Mi sobrina Cristina, de ocho años recién cumplidos –de hecho, ayer degustábamos su tarta de cumpleaños mientras charlábamos- me ha contado, con mirada de preocupación, que lo ha descubierto, que los Reyes Magos –y Papá Noel, y el Ratoncito Pérez, añade con los ojos muy abiertos- son los padres. Se lo ha dicho una niña de su clase, ávida de compartir con alguien tan terrible secreto.Todo hubiera quedado en una incrédula sospecha si no fuera porque su héroe –es decir, su hermano mayor, Carlitos, de once años- se lo ha corroborado. Y lo que Carlitos dice, qué queréis que os diga, para ella es palabra de dios.
Cristina tenía ayer una mirada distinta, como si adivinase que algo muy importante ha pasado en su vida sin estar del todo segura de qué ha sido. Me comenta angustiada que sus padres se han debido gastar un montón de dinero en la Nintendo DS, que si lo llega a saber hubiera pedido otra cosa…
Y es que la pobre no lo sabe aún, pero acaba de despedirse de un montón de magia infantil. Acaba de hacerse de golpe bastante mayor. Porque si los Reyes son los padres, entonces hay un montón de cosas que puede que no sean verdad.
Asistir a un episodio así en la vida de una niña es triste y a la vez emocionante, porque sé que Cristina siempre va a ser una persona maravillosa y estoy expectante por observar de primera mano y de su mano los cambios de su vida. Mi hermana –su madre- estaba ayer indignadísima con la compañera de clase que le ha arrebatado el sueño a su hija pero, en fin, siempre hay algo o alguien que acaba pinchando el globo, qué se le va a hacer.
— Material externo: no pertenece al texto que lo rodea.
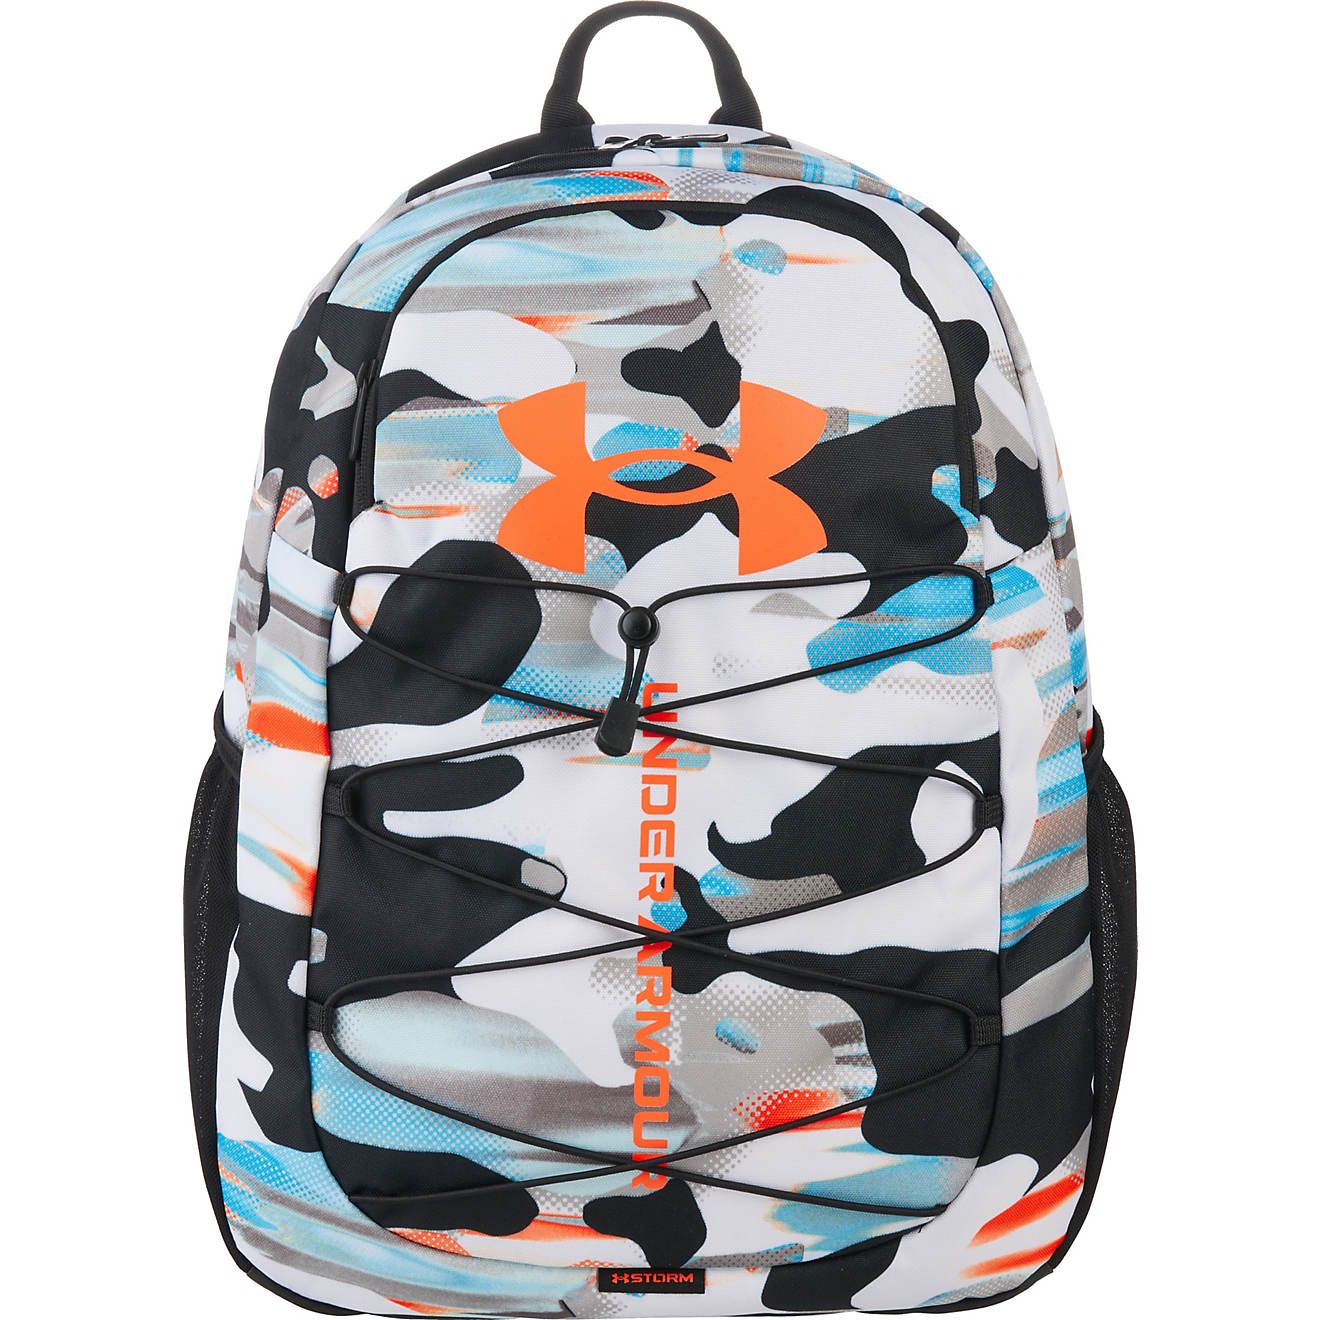 Under Armour Hustle Sport Backpack | Academy | Academy Sports + Outdoors

En su vida le quedan aún un buen montón de decepciones por vivir y de adioses por dar, aunque también le esperan lámparas de los deseos y muchísimos abrazos. Qué mágica es la vida, ojalá nunca se le olvide que todo es posible, que hasta puede que una fría mañana de principios de enero se tope con un rey negro, ojalá que conserve siempre la mirada que tiene ahora aunque la tiñan un poco las experiencias, que siempre sea mi niña, una niña de carne y hueso y alma, no como otras niñas de las que hablan ciertos políticos y que no existen ni –afortunadamente- existirán nunca.

Comentario:
sí. hay cosas que una no puede parar, como el tiempo. ahi esta la dificultad de ser madre o padre, de criar en definitiva. la crianza es algo invisible y, a veces, solitario. somos pocas las personas que tenemos la suerte de compartir la crianza y todavía hay gente, que en su inexperiencia, no asume los cambios que supone criar. ¡cuando sean madres entenderán todo!
Comentario:
Irremediablemente, esa magia se pierde. Se descubre la realidad.Ahora es el momento de empezar a aprender a digerir las crudas realidades. Para muchos niñas/os, el descubrimiento de "Los Reyes", si no hay un buen trabajo de los padres detrás, es bastante traumático. Bueno, todo depende de cómo sea el niña/o.
Comentario:
Hubiera sido mejor que se enterase más tarde, pero bueno tarde o temprano tendría que pasar.
Mi madre también se enfado bastante cuando yo me enteré pero hay que tener en cuenta que me enteré con toda mi clase de segundo de EGB en un arranque de la profesora de religión.
Algo así como "tanto reyes tanto reyes.. si no no son de verdad son los padres", imaginate la gracia que la hizo.
Un abrazo para ti y otro para tu sobri :)
Mi madre también se enfado bastante cuando yo me enteré pero hay que tener en cuenta que me enteré con toda mi clase de segundo de EGB en un arranque de la profesora de religión.
Algo así como "tanto reyes tanto reyes.. si no no son de verdad son los padres", imaginate la gracia que la hizo.